The US elections are underway, and we can only hope that the electorate consider Lawrence’s advice that ‘a bad spirit in a nation, chooses a bad spirit in a governor’. But let’s not focus on the orange narcissist (or the unashamedly liberal bias of your bulletin editor), let’s think about pumpkins instead... 

According to the Guardian, around 8 million pumpkins end up in the bin after Halloween. Pumpkins get a mention in Lawrence’s 1923 novel 'Kangaroo' in which English writer Richard Lovat Somers and his German wife Harriet visit New South Wales. Harriet – who is loosely based on Frieda Lawrence - observes that in Australia “everybody carried a suitcase". At one point, a woman knocks on their door and opens-up her suitcase to reveal two cabbages and half a pumpkin for sale. Harriet surmises that “Australian suitcases were always flying open, and discharging groceries or a skinned rabbit or three bottles of beer. One had the impression that everybody was perpetually going away for the weekend: with a suitcase." Source: D.H. Lawrence Digital Pilgrimage  

'Autumn Rain' was first published in the Egoist in February 1917. It can be read as a war poem due to references to the 'sheaves of pain' but we just wanted to share something autumnal with you.    
 
Autumn Rain
 
The plane leaves
fall black and wet
on the lawn;
 
the cloud sheaves
in heaven’s fields set
droop and are drawn
 
in falling seeds of rain;
the seed of heaven
on my face
 
falling — I hear again
like echoes even
that softly pace
 
heaven’s muffled floor,
the winds that tread
out all the grain
 
of tears, the store
harvested
in the sheaves of pain
 
caught up aloft:
the sheaves of dead
men that are slain
 
now winnowed soft
on the floor of heaven;
manna invisible
 
of all the pain
here to us given;
finely divisible
falling as rain.

 

If you want anything included in the bulletin, lob it over to me (james.walker@ntu.ac.uk) or Brenda (brenda.sumner@gmail.com)      .  

 
HOME 
EASTWOOD ZOOM MEETING

Wednesday 11 November 7pm
 

 

For anyone wishing to join by landline phone, dial: 0203 051 2874 United Kingdom

Meeting ID: 849 4042 1574

Passcode: To be sent out closer to the time.

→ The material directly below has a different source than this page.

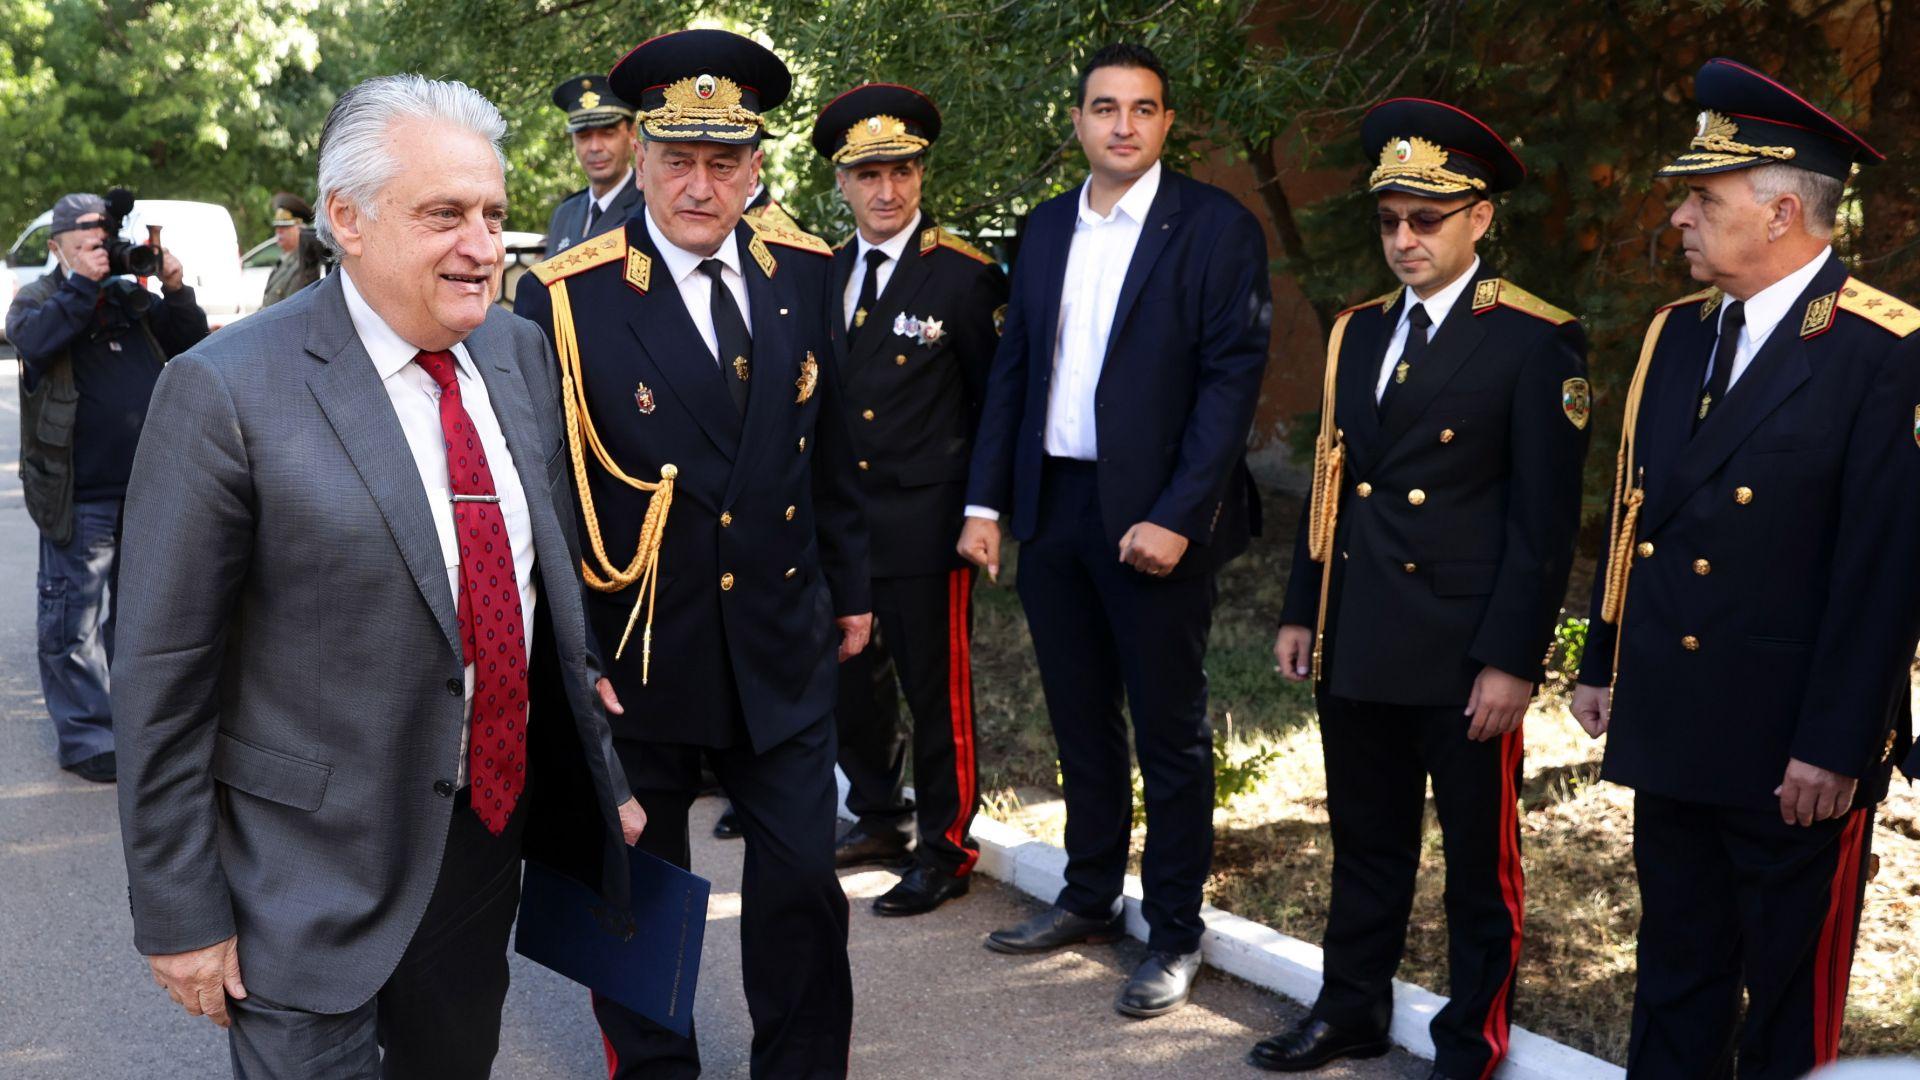 Бойко Рашков засега няма покана да оглави МВР в новия кабинет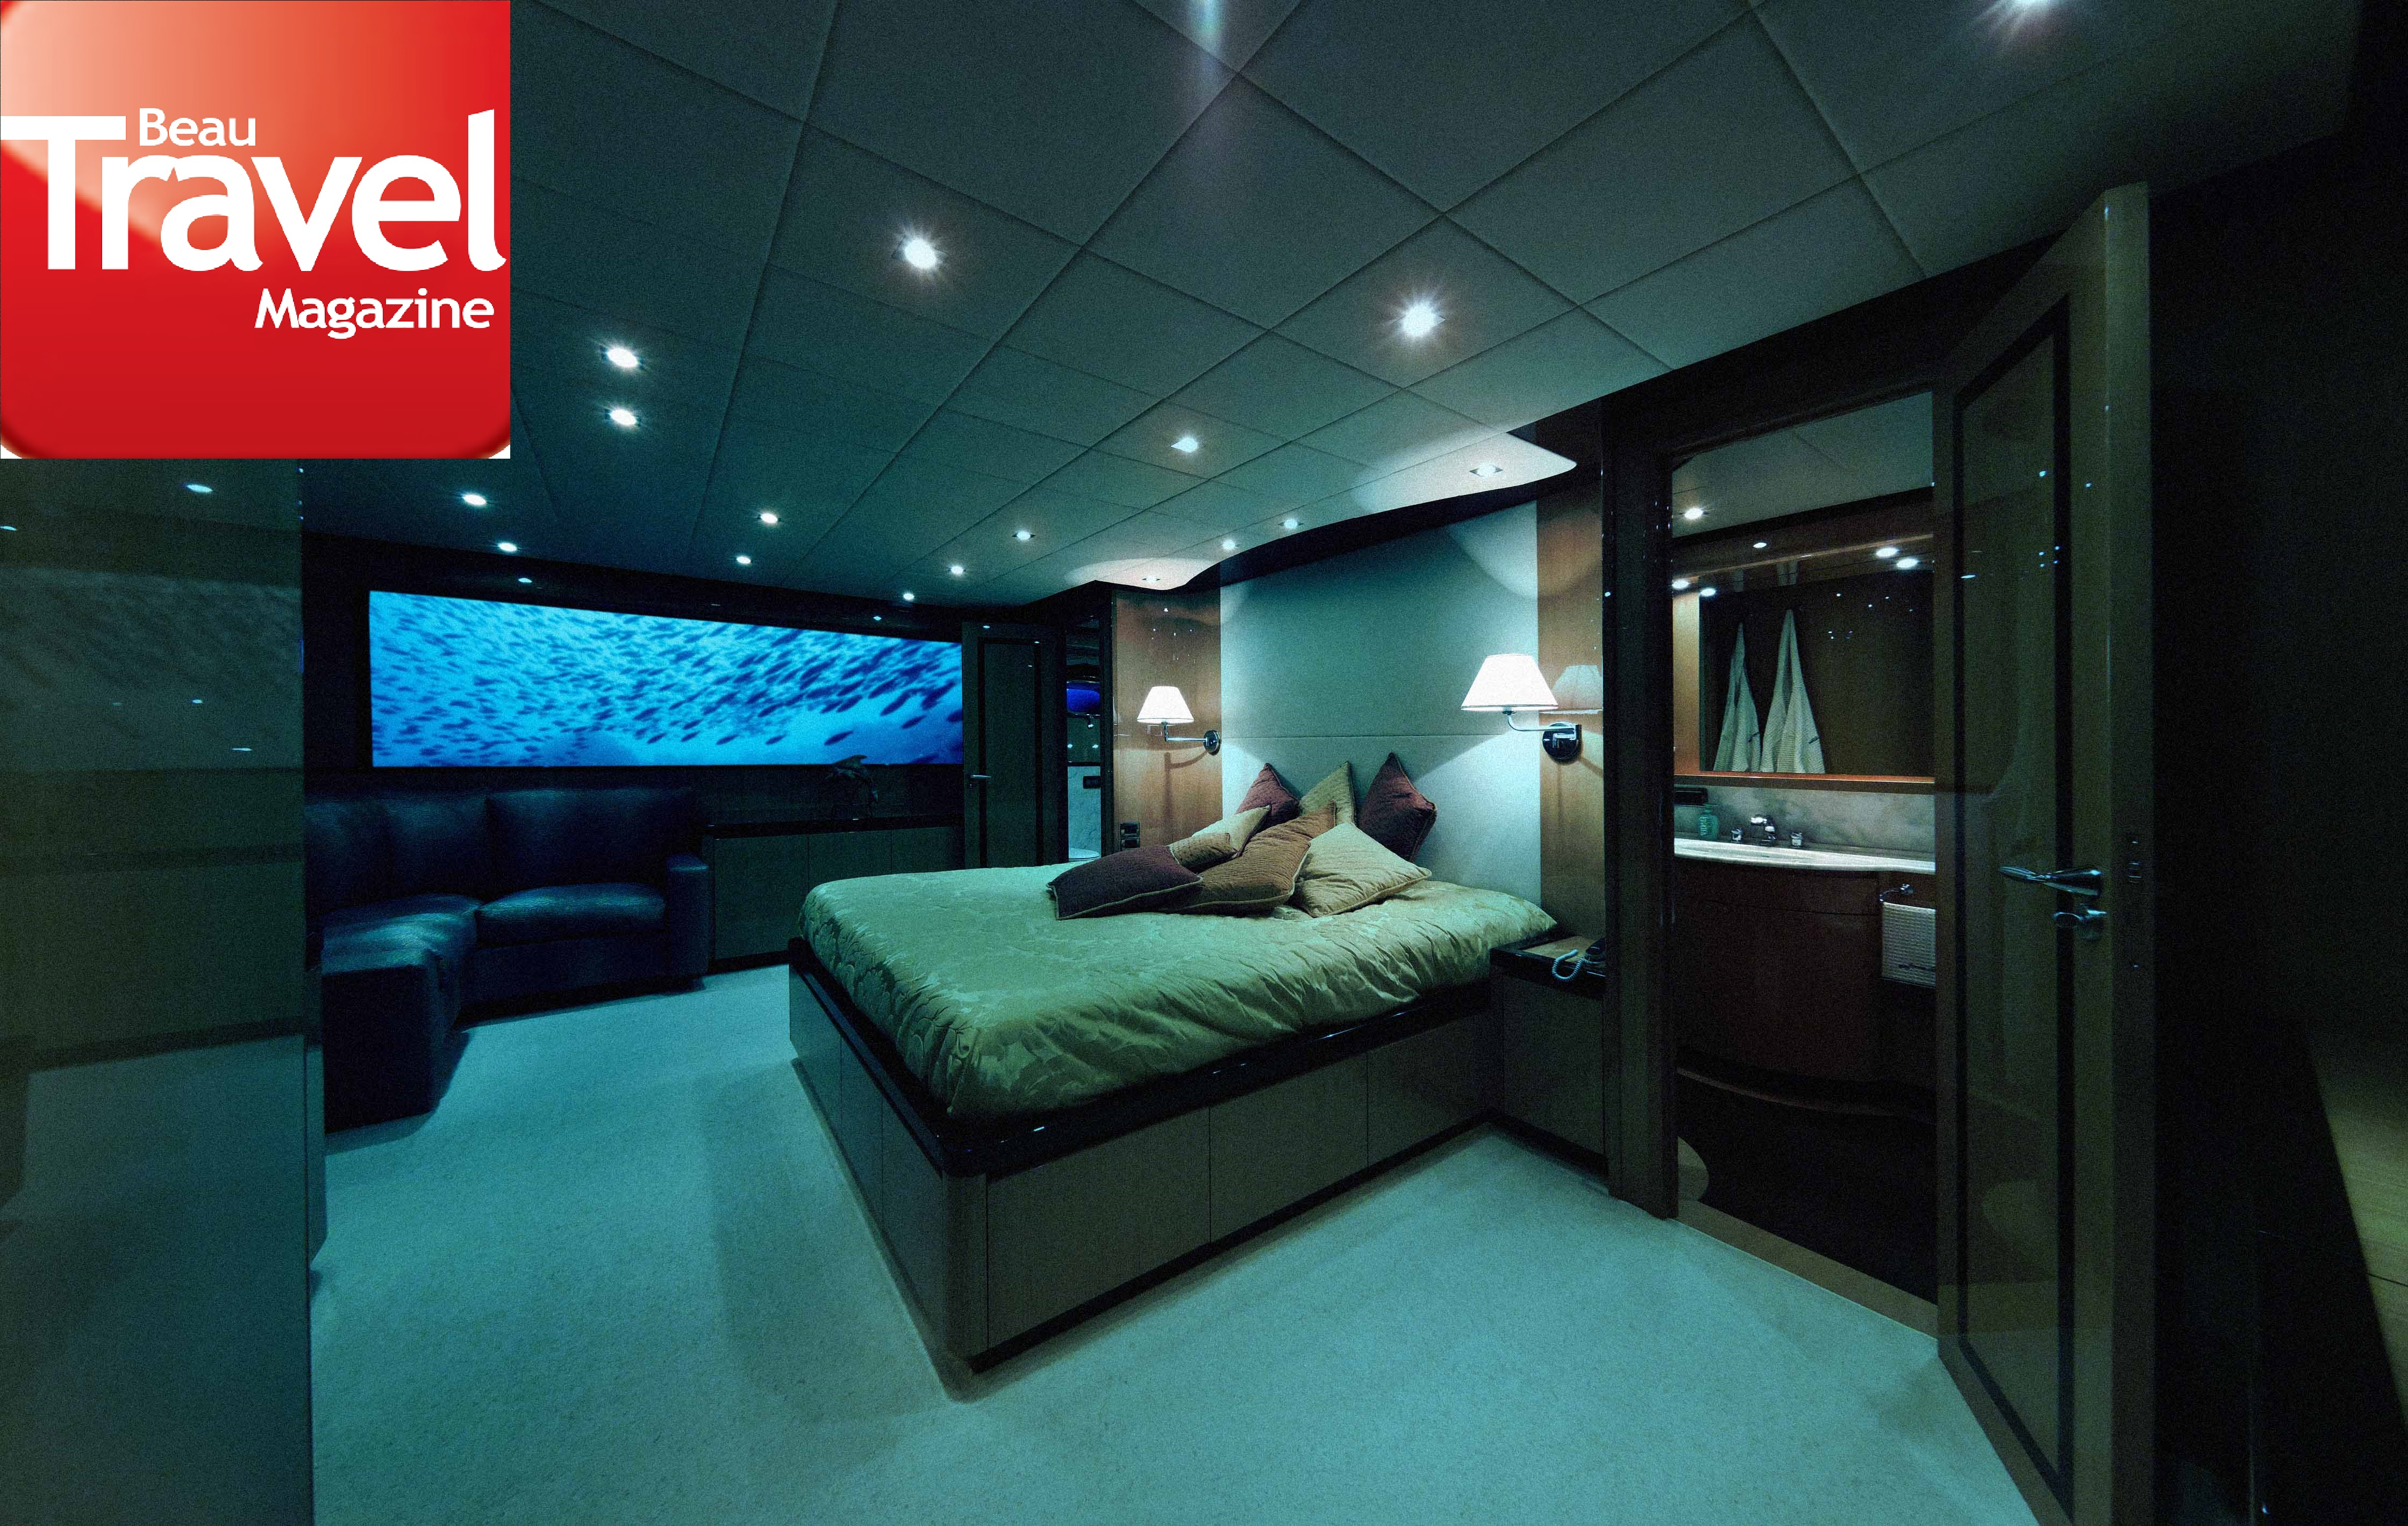 Beau Magazine - Oliver's Travels Lucury Villas to Rent

You will have received an email from Brenda regarding the AGM. The email includes the Agenda, the Minutes of last year’s AGM, a Chairman's Report from both Malcolm Gray and Alan Wilson and the Treasurer's Report to read in advance of the meeting. Please email Brenda with any questions you may have about any aspect of the Council’s work and the Society in general. 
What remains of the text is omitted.